Dialogue:
Shannon Lise and Megan Wildhood
Megan Wildhood on Shannon Lise’s “So Many Times I Have Kept Moving When I Wanted to Stay"
“So Many Times I Have Kept Moving When I Wanted To Stay” has haunted me with its beauty since the first time I read it. “Rain-green road,” “mossy steps tumbling to the sea,” “sheets of the tide”—be still my heart! These lines are so gorgeous, they’re sharp and light glints off their edges. That is, they cause me to sit up, lean in, peer into openings I didn’t know were there before reading this poem. Lines like these—oh, here’s another!: “sly hinges of the world”—make me wonder about the author, Shannon Lise, too. Who is the woman that could write such a veil-tearing poem? What has life shown her? Where have the little ships of life taken her? Where have they not but she wished—perhaps wishes still—that they would?
And the title nails it. The fact that it’s not clear (to me) who the “I” is makes this wishful maritime world all the more inviting: it might as well be me who is the “I.” In this dream world with silver-lined ships and people who leave light and love everywhere, I would want to stay, too, if I could find such a serious, magical, seriously magical place. Lise’s words provoke me to question what keeps me moving when I’ve wanted to tarry in the few places I’ve been captured by; why is it that I can’t be still? What is it that I’ve been running from and where is this tiny town full of tall houses? Would I, could I, fit in in such a magnificent place? Do those sly hinges open for perpetual weirdos who feel like they’ve landed on the wrong planet like me, too?
This is what I admire most about—no, am grateful for in—”So Many Times I Have Kept Moving When I Wanted To Stay.” This poems leave me with hope when so much writing these days drapes oversized coats of despair onto readers in the name of “waking them up.” It is measured but solid hope that wakes people up, though, and that it was I find in this poem. Lise does not sacrifice skill or craft—”So Many Times I Have Kept Moving When I Wanted To Stay” is not sappy or cheap; it earns our hope. For me, Lise’s little white ships lined with silver are the hope that times gone by, opportunities I may have missed, people I never got to bid farewell, excruciatingly hard seasons in my life, might return to me in the form of strength, lessons learned, improved character. That they may return to take me to the place with light in the windows and kisses in the streets. And, most importantly, that such a place might exist even for someone like me, who has wandered for nearly 40 years looking for a place and a people to finally call home, with a balcony just for me.

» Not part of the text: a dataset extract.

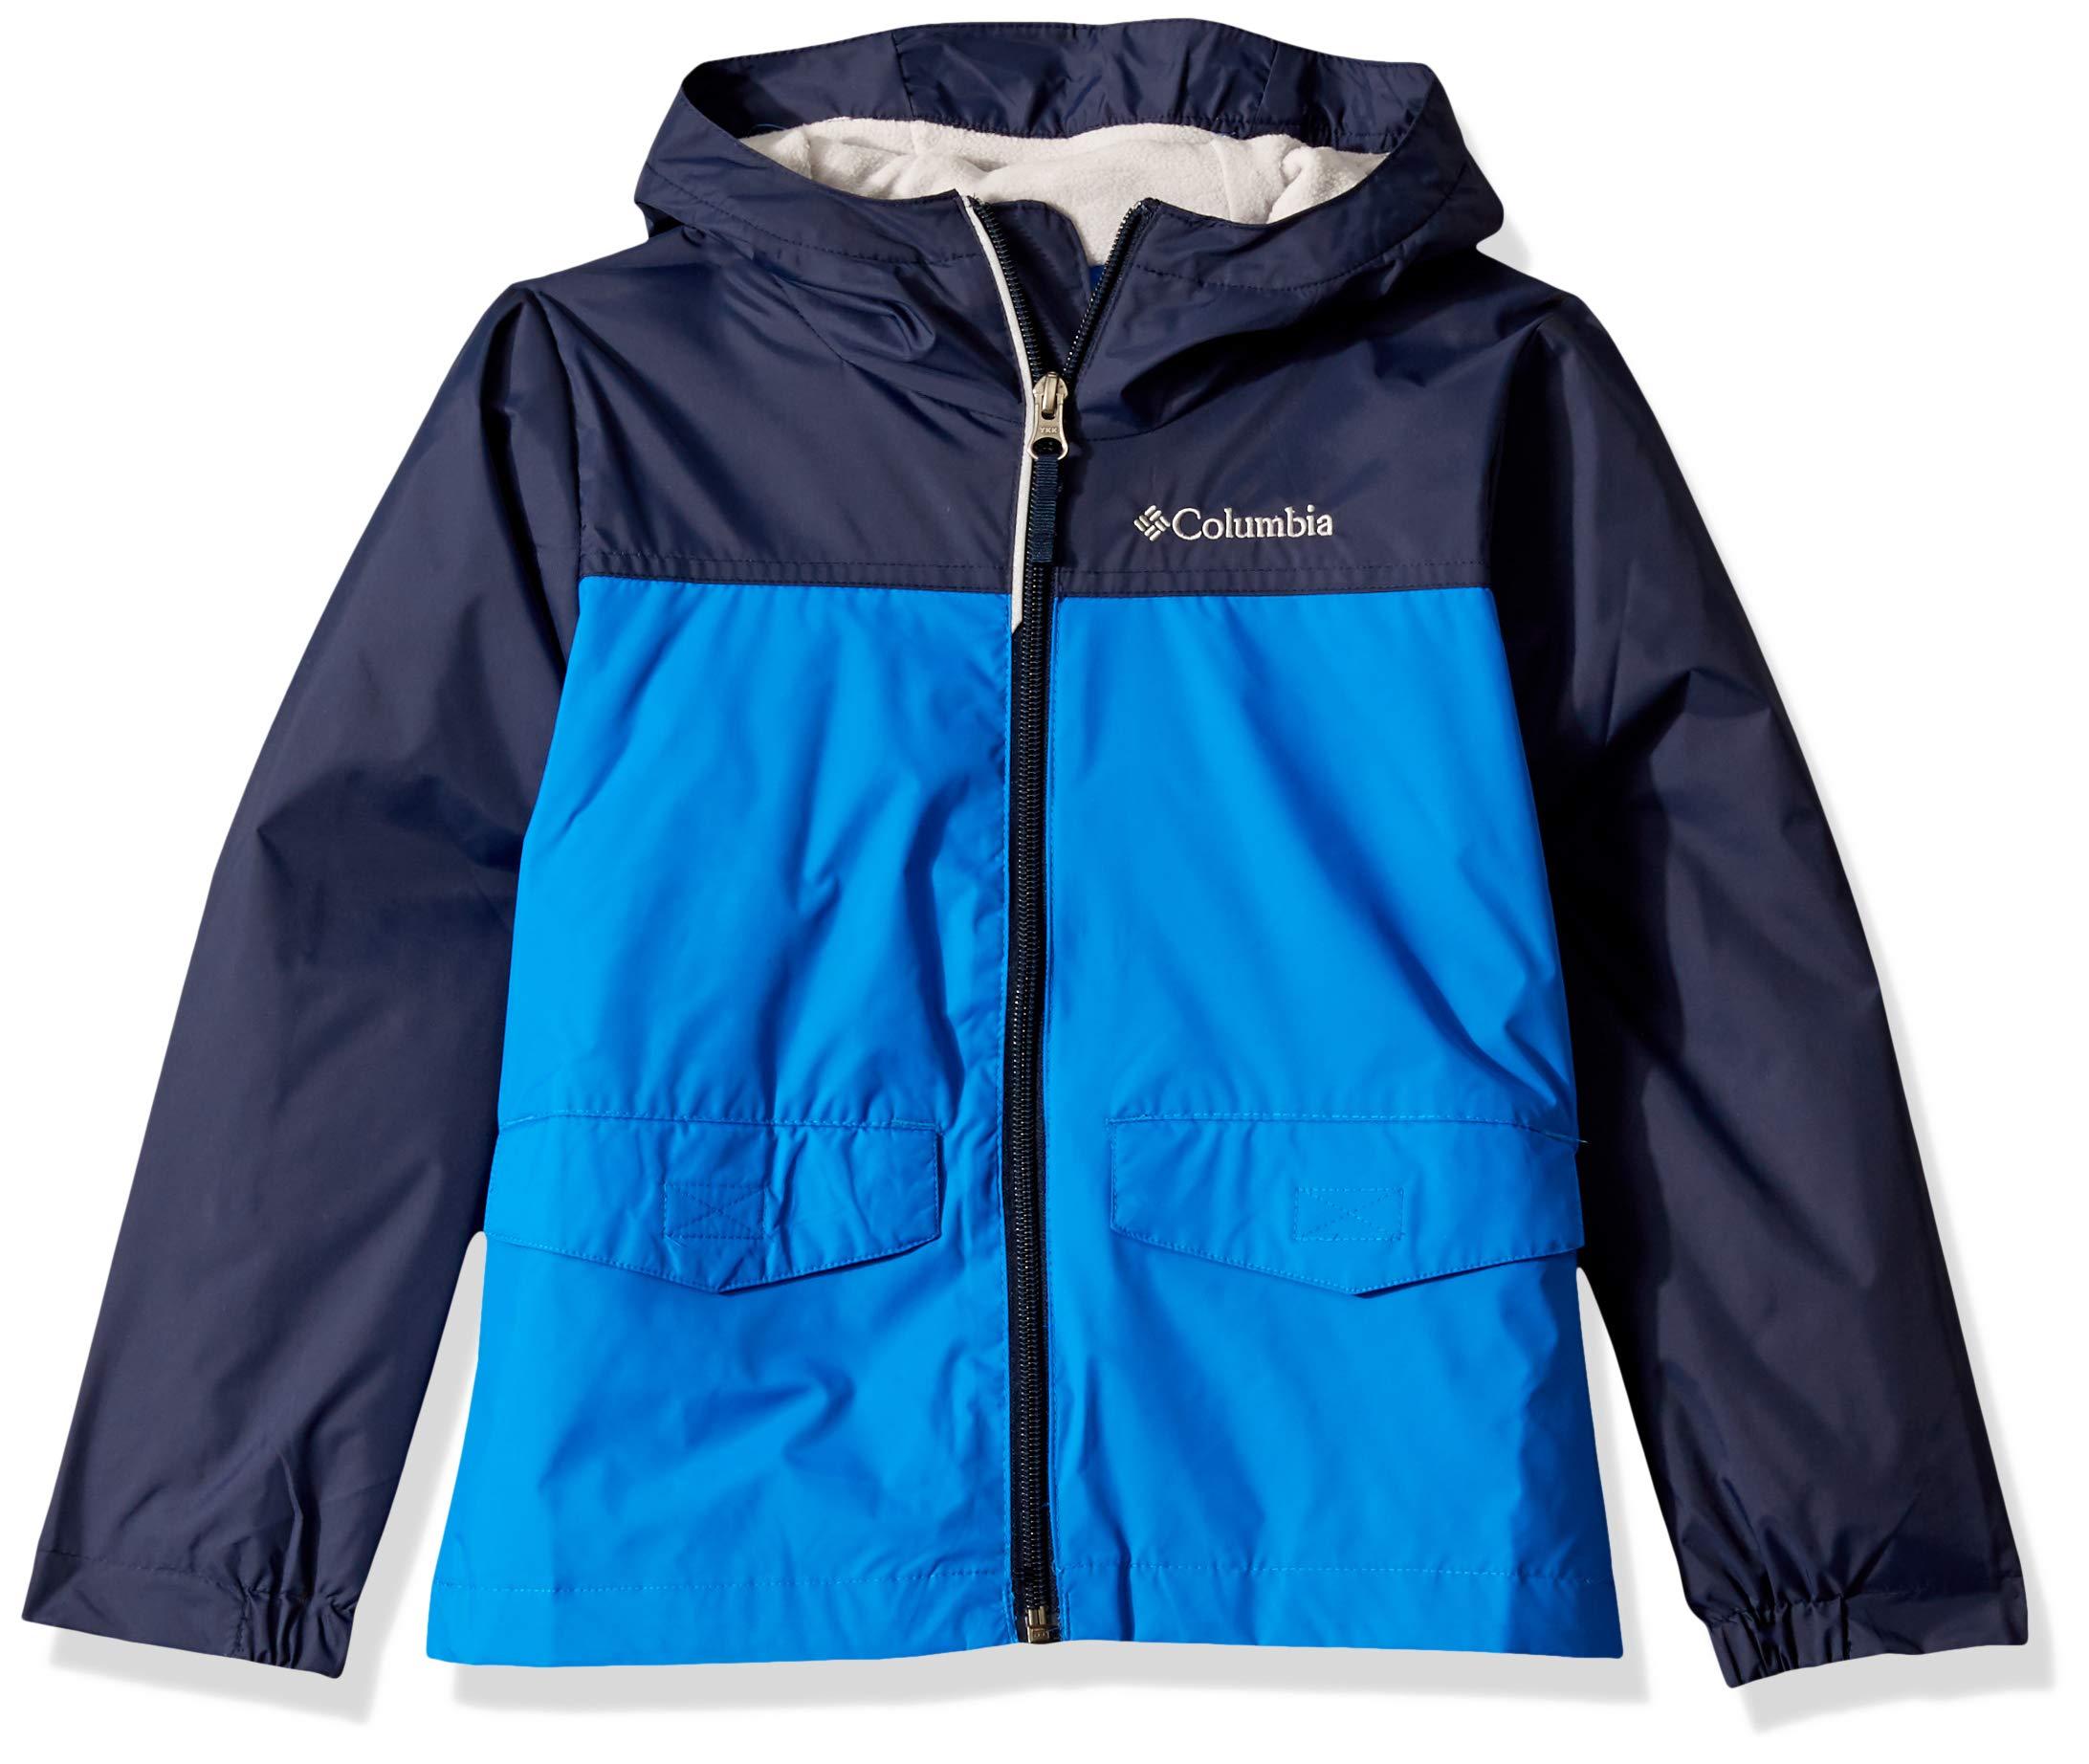 Columbia Boys' Big Rain-Zilla Jacket, Super Blue/Collegiate Navy, Medium

Shannon Lise on Megan Wildhood’s “The Nearest Exit May Be Behind You”
In her exquisitely titled poem, “The Nearest Exit May Be Behind You,” Megan Wildhood flings us unsuspectingly up against the raw absurdity of reality, in all its beauty and terror. I love this poem. I love the images – the birds still singing in the smoke, the spray-painted headstone, the disgruntled driver at the cemetery. I love the transformation of Sandy-how-may-I-help-you to Sandy-help-me, of automatized interaction to existential connection.
Megan deftly captures the way that the mere awareness of death puts a face on the faceless bodies all around us, gives meaning to the impersonal fabric of our lives. Because the knowledge that the person across from us is going to die has the power—if we let it—to make that person beautiful, to make that person lovable.
Stop, the poet seems to say. Stop and look at what is happening. Don’t you realize that life—with its hunger and cold, its ever-present threat of nuclear annihilation—is driving us all into the dark, down to the cemetery. There is no reverse option. Don’t you realize? Let us stop and look at each other. Let us be present for every step of the way. Together we can join the birds still singing in the smoke.
And then, the burning question, which is for me the heart of this poem—who would we have to be for this to be a celebration?
For each issue, ballast asks pairs of poets to read each other’s work and respond in some way. We hope these dialogues will sound the resonances contained within the issue as well as serve to foster a sense of interconnection and community among our authors.